I had got it all very wrong. The party bit was meant to be for after the training session, which I imagined had been suspended for that week while we drank coffee and exchanged tips on dog training. I was reprimanded for not having brought her official training bib. I then had to run up and down the hall in said leather skirt to demonstrate how she could walk to heel. She couldn’t, and was in no form to co-operate. We looked a trifle foolish in our matching crimson outfits and by now my face blended in too.

But Holly wasn’t the only one in bad humour. From the outset, something seemed very wrong with all the dogs. Some were snapping and growling and none were compliant. It was tense. The trainer was none too pleased and offence was taken all round. I left in tears and decided that this had been a foolish move.

After a few festive rows with the family, I felt myself unravel. I couldn’t shake the worrisome thought that perhaps the dogs knew something that us humans didn’t. I recalled the 2004 tsunami in South East Asia, where several days before the disaster, it was recorded that the animals had begun behaving oddly and fleeing the coastal areas. The recent news headlines had been apocalyptic. Maybe we should all have been listening, to the dogs.

I finally had the wit to ring my GP and explain my predicament. I told her my theory about the dogs and there was a brief pause on the other end. She suggested that I come in. Immediately. She listened and nodded. “You’re experiencing some very irrational thoughts,” she surmised. “No,” I told her. “I don’t think there’s anything unreasonable about any of this.
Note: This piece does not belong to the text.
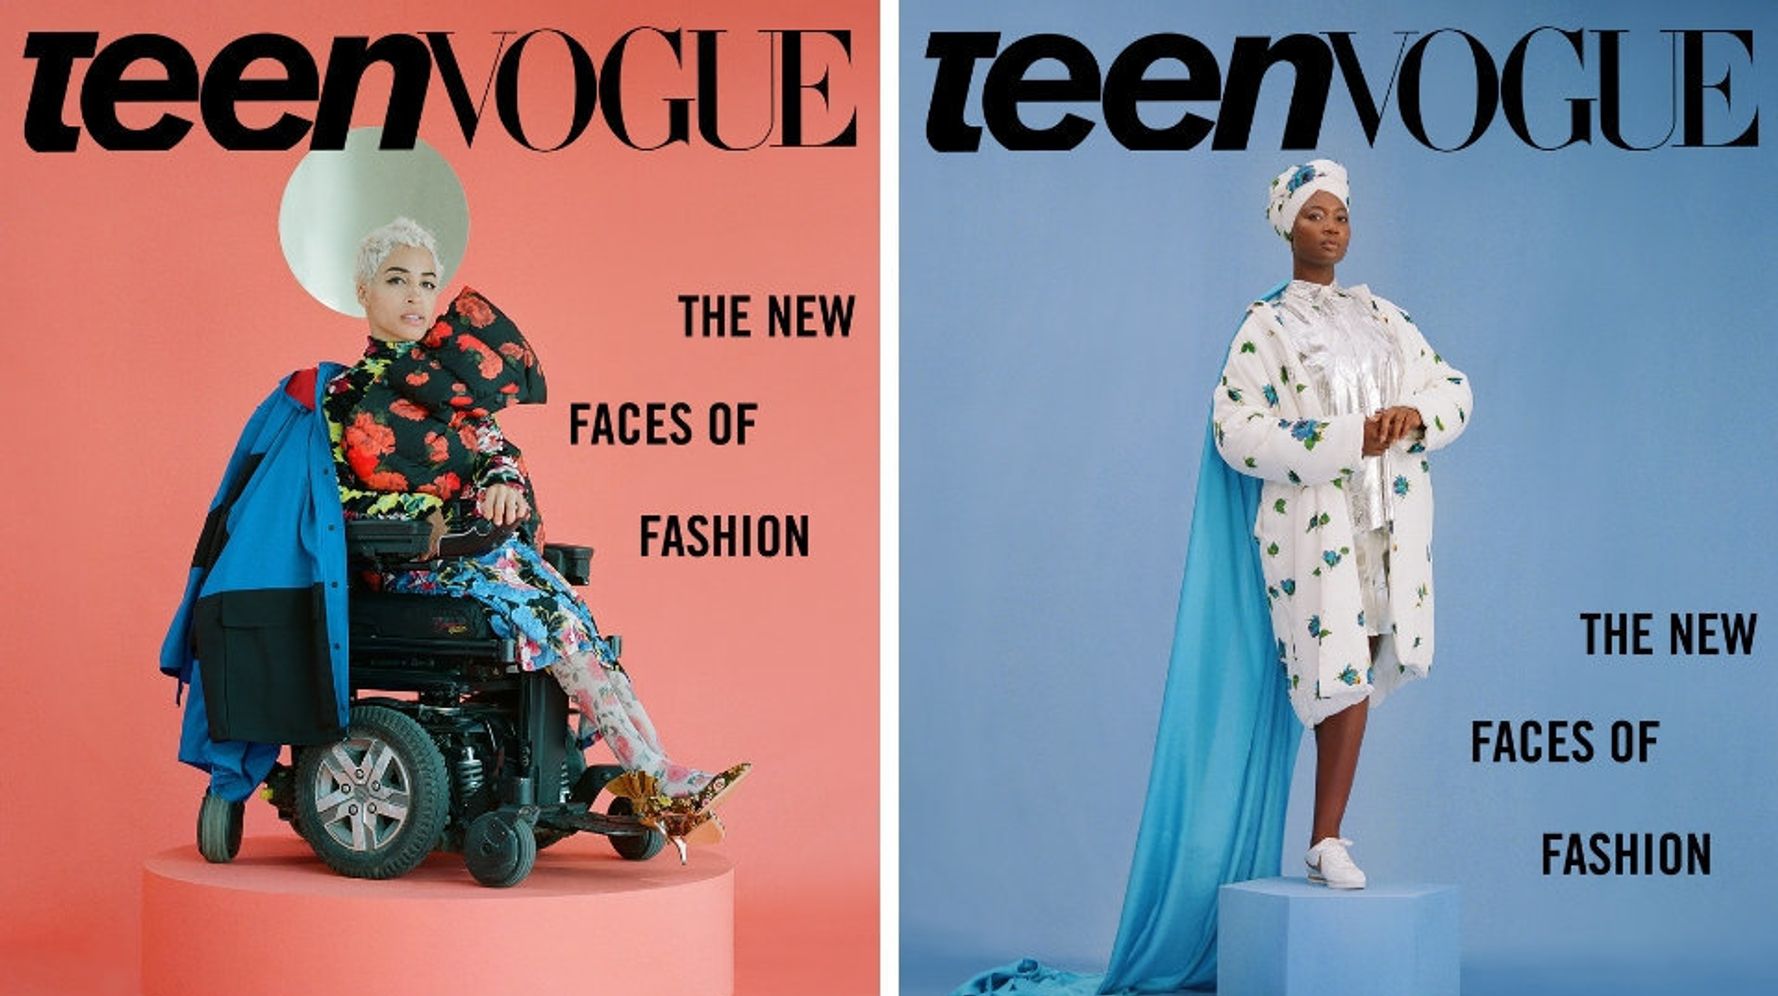 Intergenerational Examination of Vogue Fashion Advertisement

To me this is all very real.” I felt a bit like Sarah Connor when she predicts full nuclear fall-out in Terminator 2, and tells the doctor if he’s not wearing factor two million sunblock in August 1997 “it’s all going to feel pretty fucking real to him too.”

‘Give the dog back’ said the doctor. She prescribed some pills to settle me and I acknowledged that I’d been ignoring symptoms of extreme anxiety for a long time, allowing them to grow and implode. I rang the charity and they were very understanding.

We knew that Holly was never ours, and by this time the children had tired of sharing their dad and increasingly mad mother with a highly animated pet. And so, two days after Christmas we took her to another trainer. After all the stress it was with some relief that I passed her on, but poor old LSB had tears in his eyes. But with her departure home-life calmed down and with that so did my nerves.

So what did I take away from my attempt at giving? The most salient lesson was that the tiny eco-system of my mind requires balance: tip the see-saw too much any direction and turmoil ensues. Keeping centred is essential to my well-being. Lesson two; while I like dogs, in truth I’m more of a cat person. And three, that LSB one, well he’s a keeper.